One ugly thing about this is that the branch names were not chosen with the intention of rolling them up into objects. In this case, my branches-to-schema algorithm is identifying NMuon as a list of muon objects (not the number of them, the actual list) and muons have attributes Muon_Px, Muon_Py, Muon_Pz rather than just Px, Py, Pz.

This branches-to-schema algorithm is intended to reverse ROOT's splitting algorithm, but this TTree wasn't produced by splitting a C++ object. Hence the weird names.

NanoAOD is the same way: it was manually split using these "heppy" conventions. I need to provide the ability to transform names according to a user-defined function, and provide standard functions for standard sets of conventions, like heppy.

But remember: this feature is brand new as of today. It's the last of a suite of adapters:

  • read from ROOT, interpreting branch structure as a schema
  • read from Parquet, translating Parquet's schema into OAMap's
  • read/write to HDF5, allowing the user to specify a schema (earlier today— effectively adds ROOT-like columnar data to HDF5)
  • read/write to a the UNIX db format (what shelve does, so that OAMap has a zero-install analogy of Python's built-in shelve persistence).

All of the above except ROOT have unit tests that you can use to see the API. I'm particularly excited about the HDF5 backend because HDF5 has a lot of good encodings.

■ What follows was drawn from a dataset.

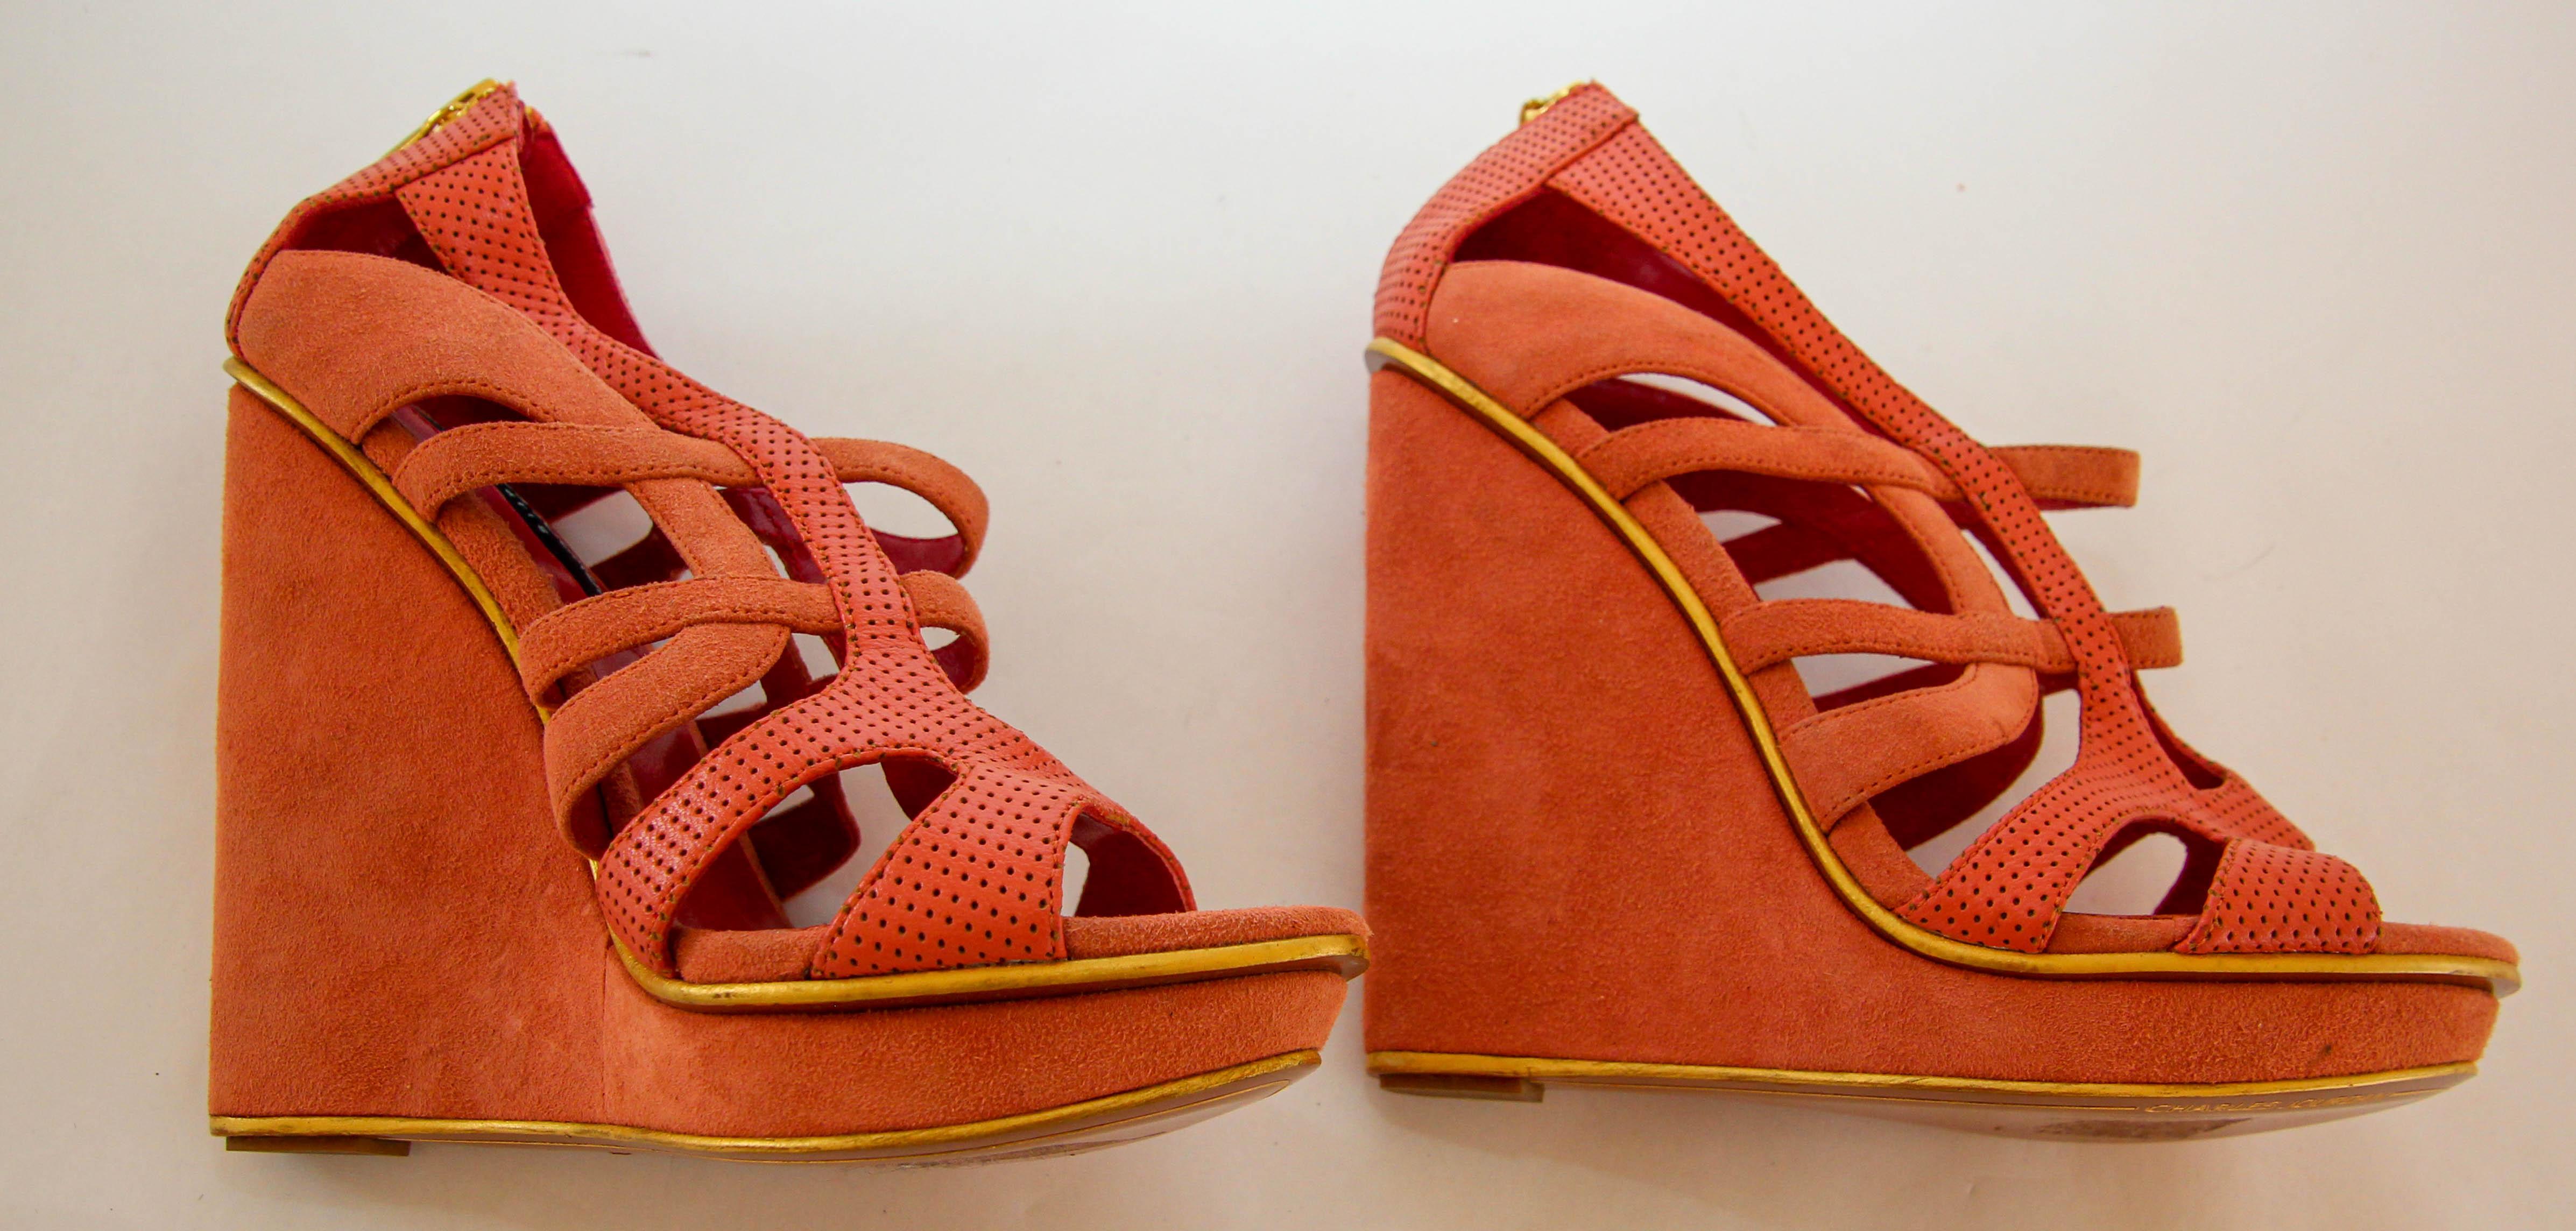 Charles Jourdan Paris Orange Wedge Sandals Size US 6 EU 36 For Sale 8

-- You are receiving this because you authored the thread. Reply to this email directly or view it on GitHub: https://github.com/diana-hep/oamap/issues/3#issuecomment-359113908

jpivarski commented 6 years ago

Since nearly all ML algorithms require flat data and our data is not flat, I imagine one use case would be to do that flattening via ad hoc user functions. With Numba installed, these functions should be about as fast as C (or faster, because of the lack of intermediate objects) but more importantly, there would be little hassle in setting up the calculation.

My main intention was for exploratory data analysis, but this could possibly take some of the pain out of feature engineering, too.